Baskets blanches, pied de micro scié, célèbre veste jaune… A presque 36 ans, Frederick Caramia incarne parfaitement Freddie Mercury. Pourtant, le chanteur veut rendre hommage plus qu’il ne veut copier. Pour Essonne Info, il revient sur le chemin parcouru par CoverQueen depuis sa création en 2007.

Essonne Info : Reprendre des titres déjà chantés n’est jamais chose facile, encore moins lorsqu’il s’agit de Queen et Freddie Mercury. Comment a débuté cette folle aventure ?
Frederick Caramia : Avec mon frère. On a d’abord composé nos propres chansons, sans trop de succès étant donné la concurrence qu’il existe dans le milieu. Du coup, comme nous étions fans de Queen, que nous écoutions beaucoup Freddie Mercury, on a eu l’idée de créer un groupe qui reprendrait les classiques du groupe. Nous connaissions déjà Adrien Husson, le guitariste, puis nous avons rencontré Morgan Michaud (bassiste ndlr) et Raphaël Donadieu (clavier et chœurs ndlr). A l’époque, personne ne faisait ce genre de chose en France alors on a tenté le coup, et ça a marché.

En 2007, lorsque vous vous lancez, vous ne pensiez pourtant pas avoir le succès que vous connaissez aujourd’hui…
C’est vrai. Nous partions pour jouer dans des bars, mais finalement nous n’en avons fait qu’un ! (rire) Très vite, nous nous sommes produits sur des petites scènes et avons participé à des spectacles à gauche à droite. Jusqu’en 2009 où nous avons été embauché par la société de production FAM music.
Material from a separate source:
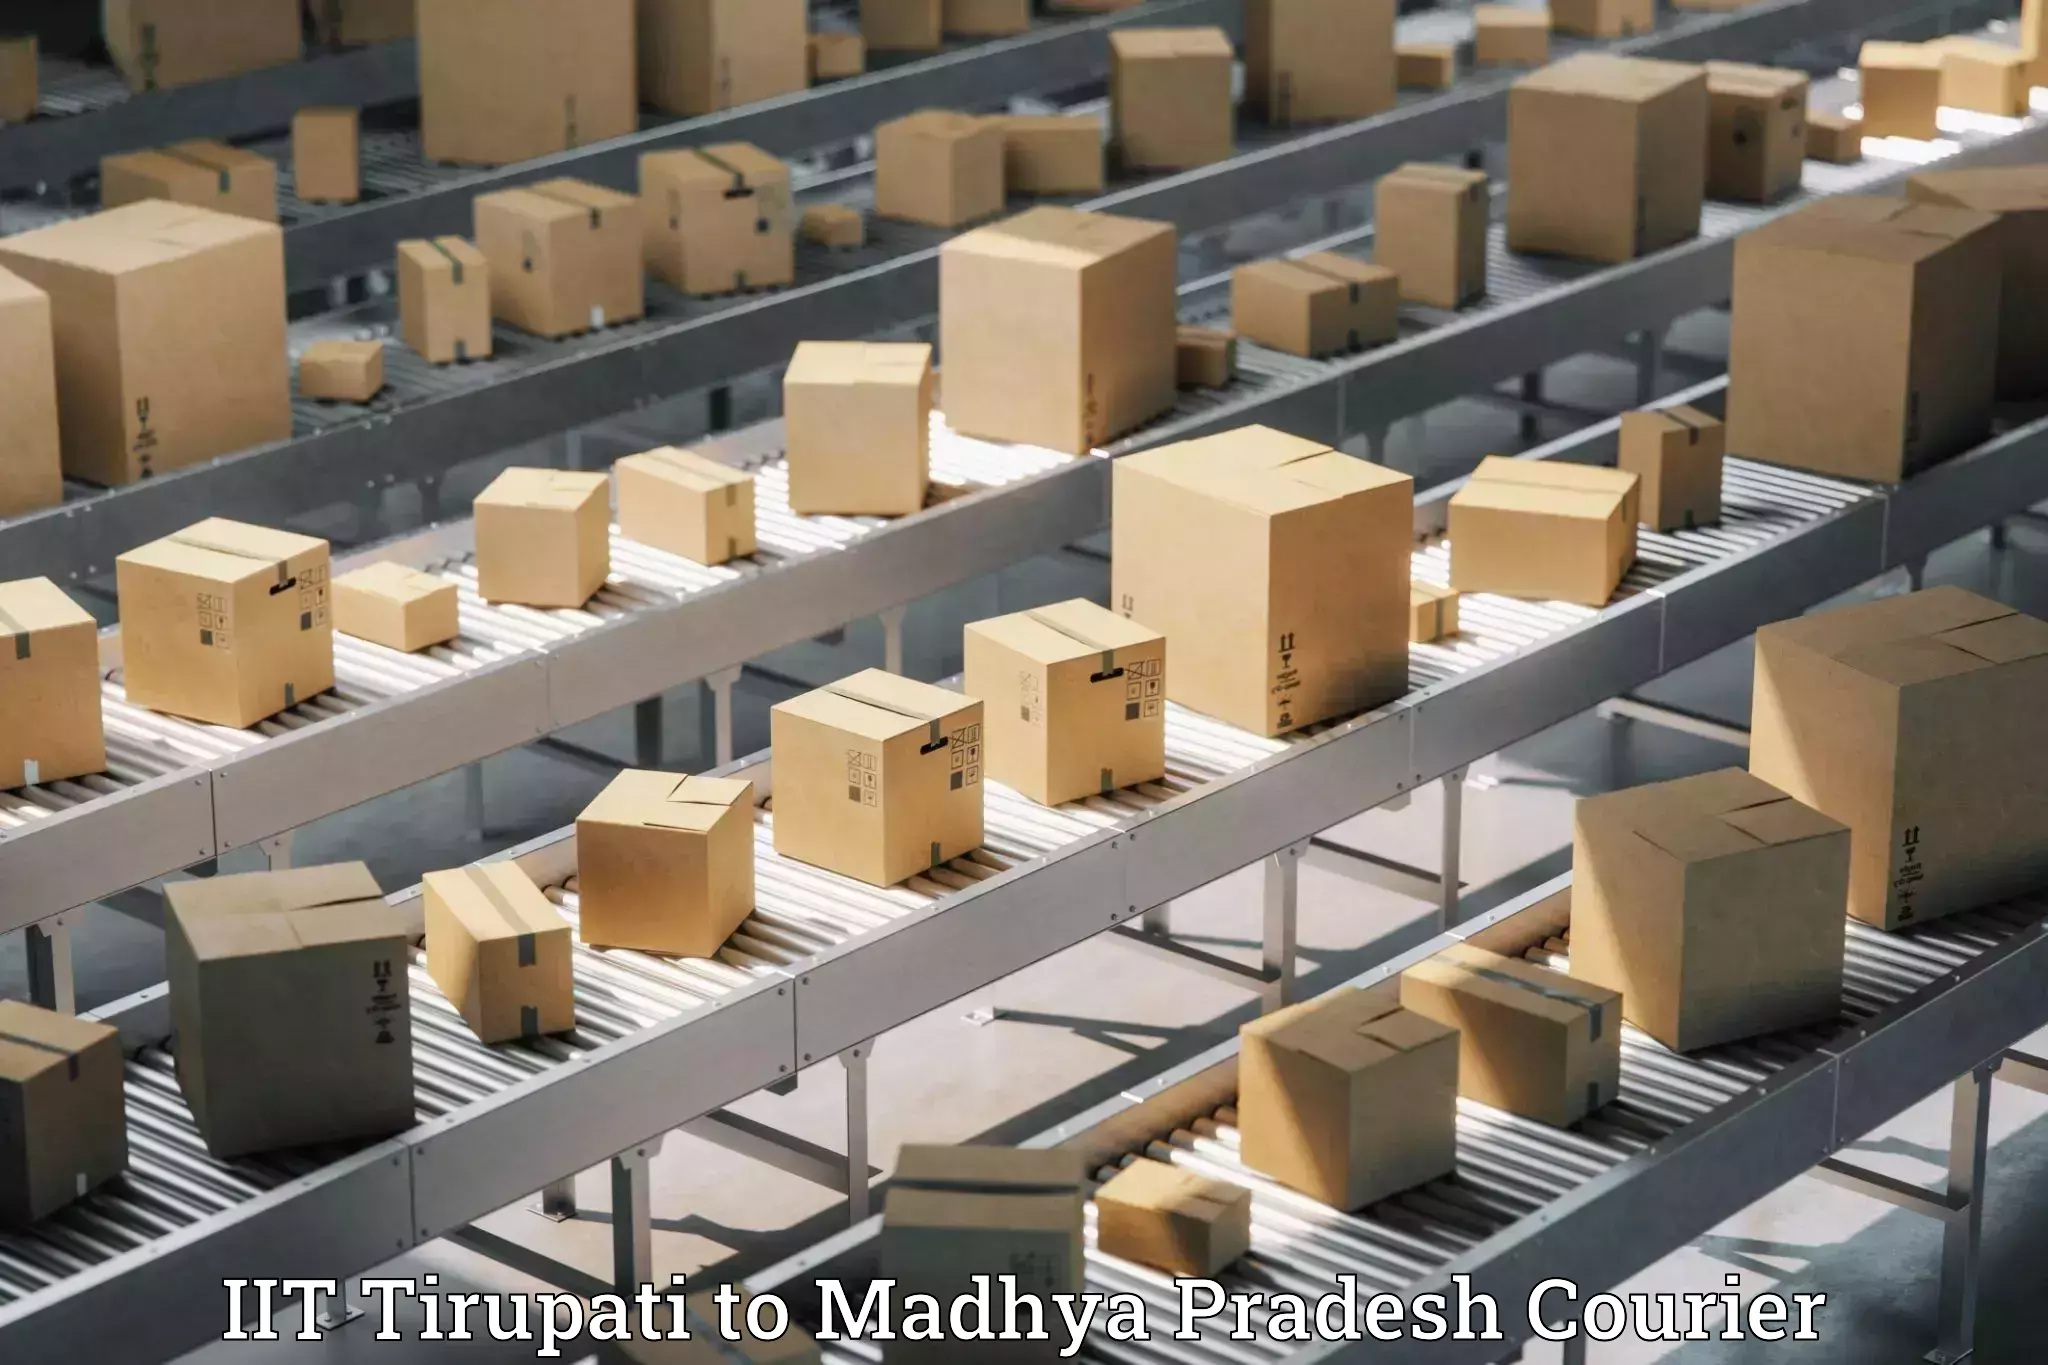 Courier service comparison IIT Tirupati to Madhya Pradesh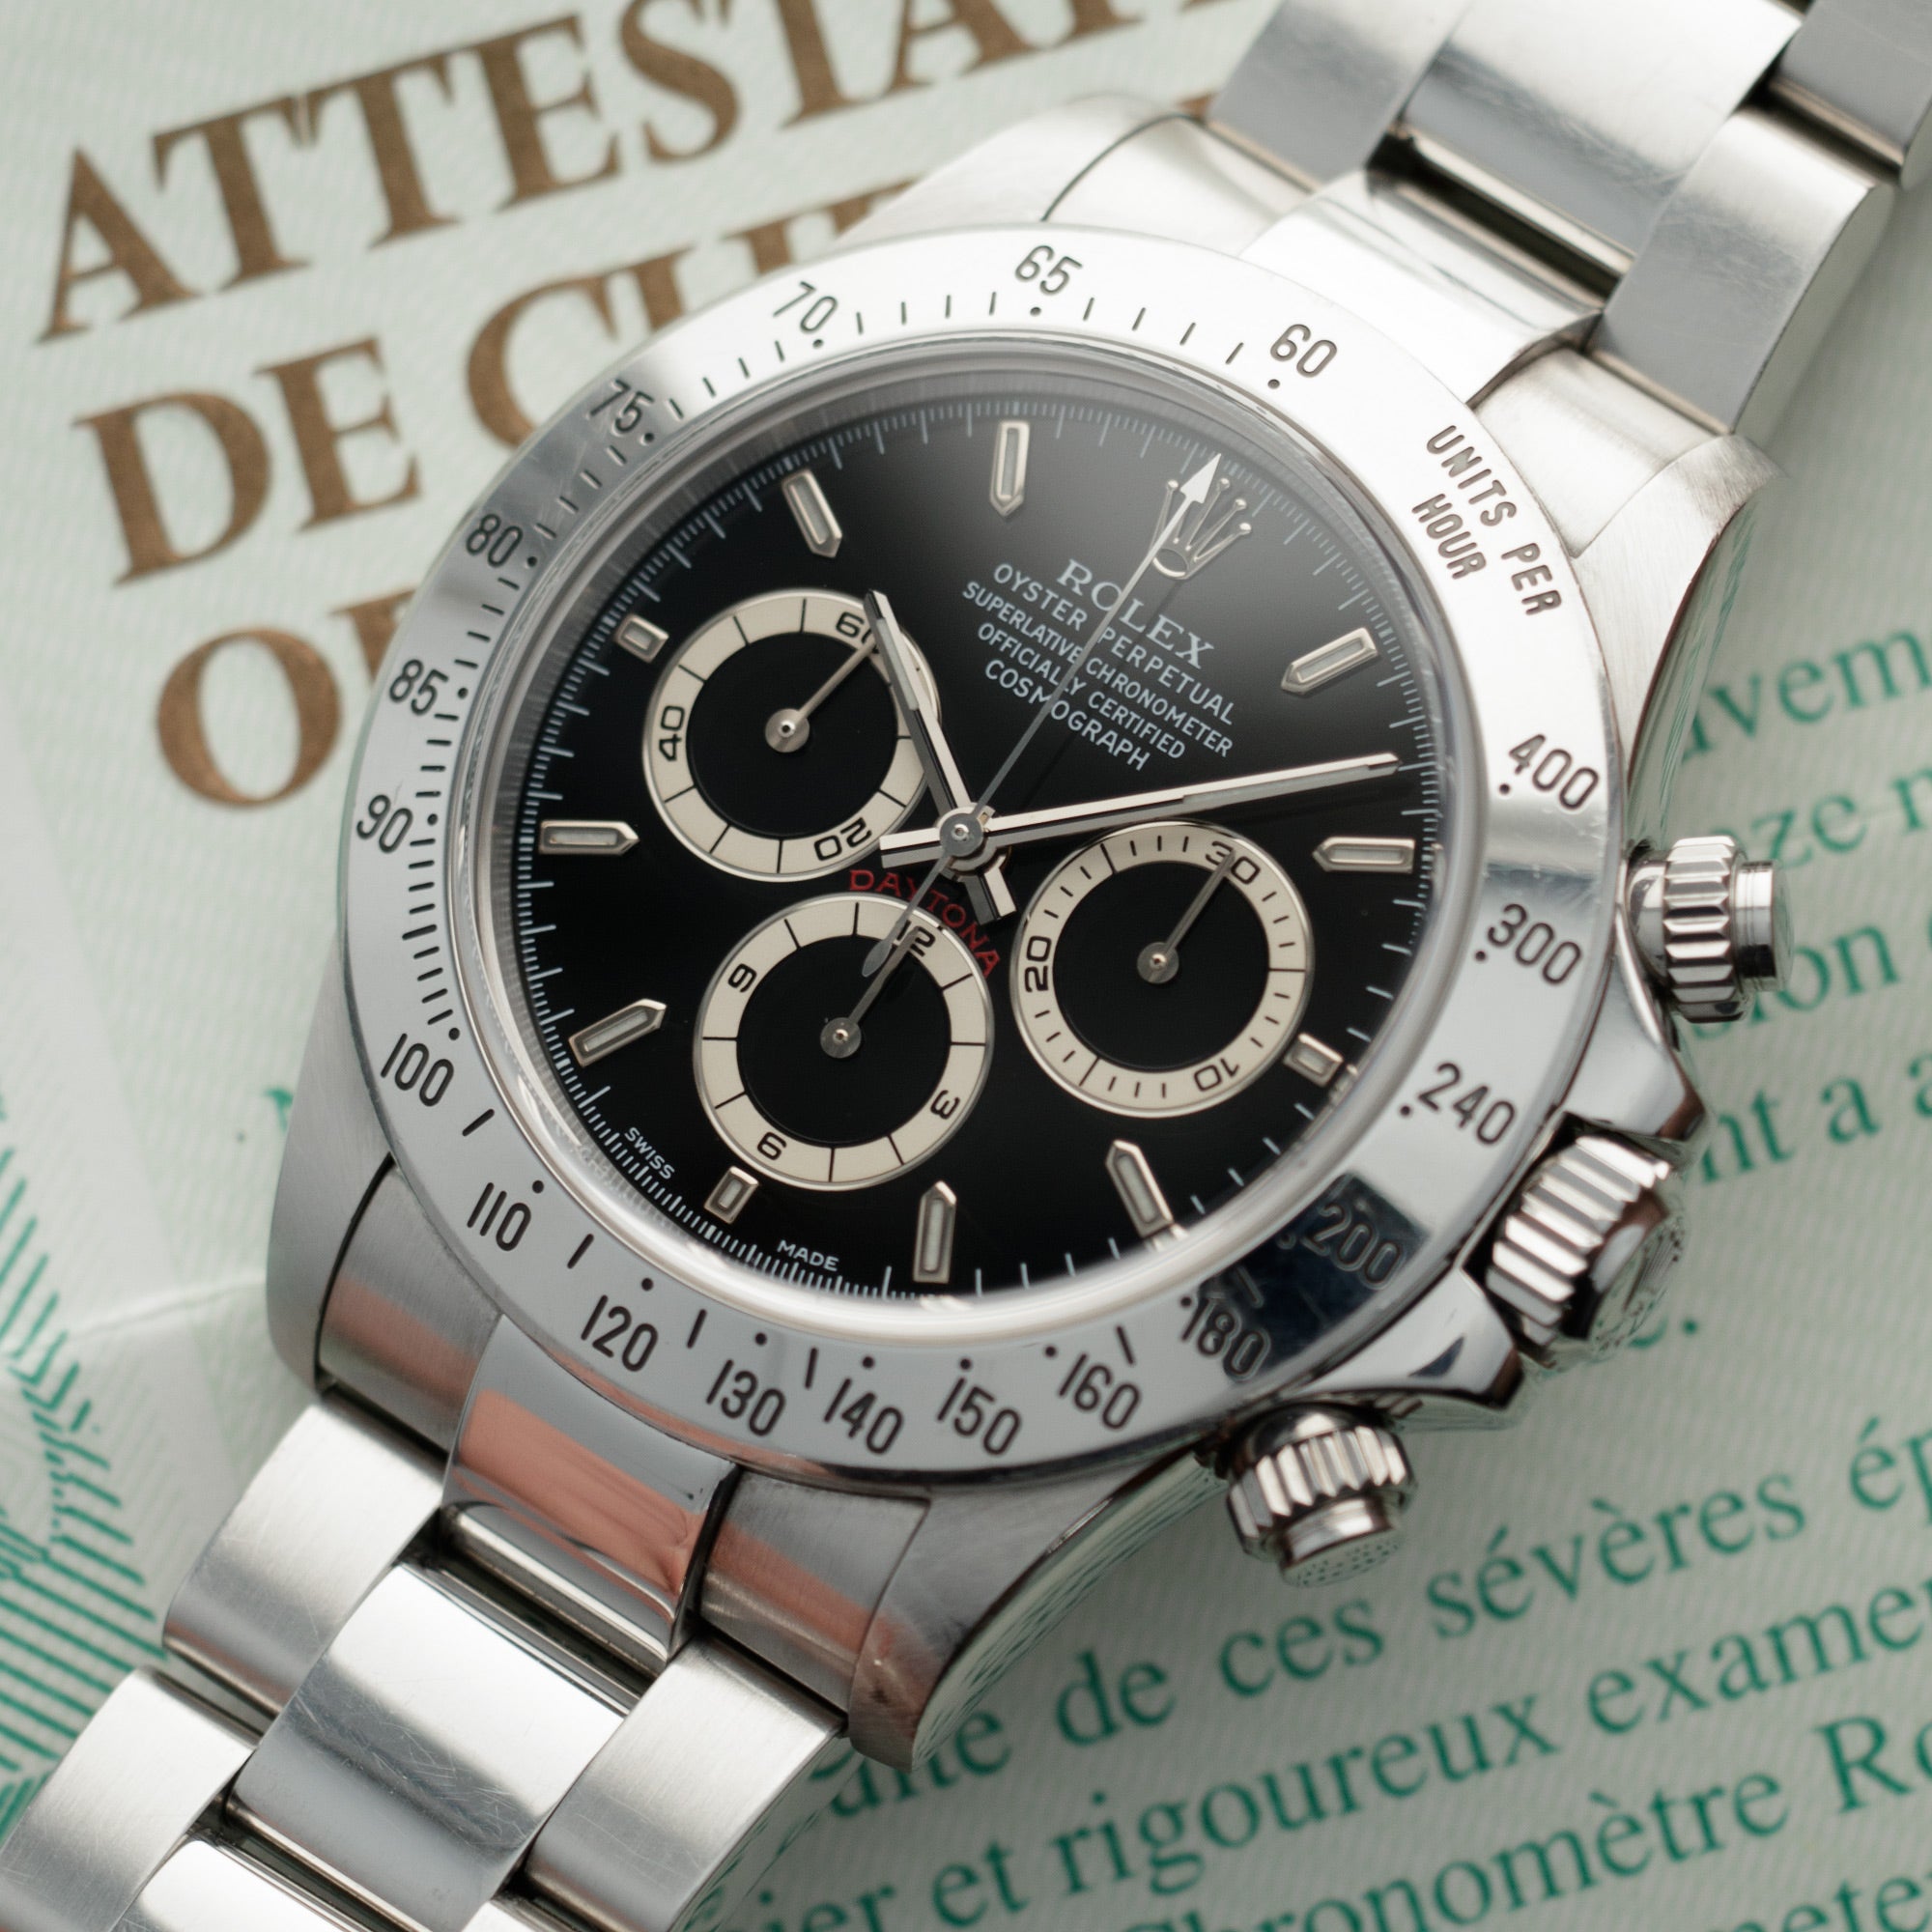 Rolex - Rolex Zenith Daytona Ref. 16520 with Original Papers - The Keystone Watches

Depuis, nous avons eu la chance de jouer au Bataclan, au Zénith de Caen et Montpellier et même devant 20 000 personnes sur la plage de Canet-en-Roussillon ! Nous avons également été invités pour jouer au Stade de France avant un match de rugby ou à Bercy à l’occasion d’une conférence. Que de bons souvenirs !

Vous avez reçu une formation d’art lyrique à l’Opéra de Paris pour parfaire votre technique vocale. Est-ce incontournable lorsqu’on s’attaque à Freddie Mercury ?
Lorsque j’ai commencé le chant, vers 16 ans, je m’enregistrais sur des CD karaoké de Queen. J’écoutais aussi Aerosmith et Bon Jovi. J’essayais de m’améliorer tout seul mais il y avait du boulot (rire). J’ai donc effectivement fini par prendre des cours à l’Opéra de Paris. Le style Freddie Mercury est un mélange unique de lyrisme et de rock. Il a fallu que je travaille pour acquérir un timbre de voix proche de la sienne, pour avoir la même force, la même pèche. Des titres comme Bohemian Rhapsody ou The show must go on demandent beaucoup de justesse car ils comportent des parties opéra ou des tonalités très hautes.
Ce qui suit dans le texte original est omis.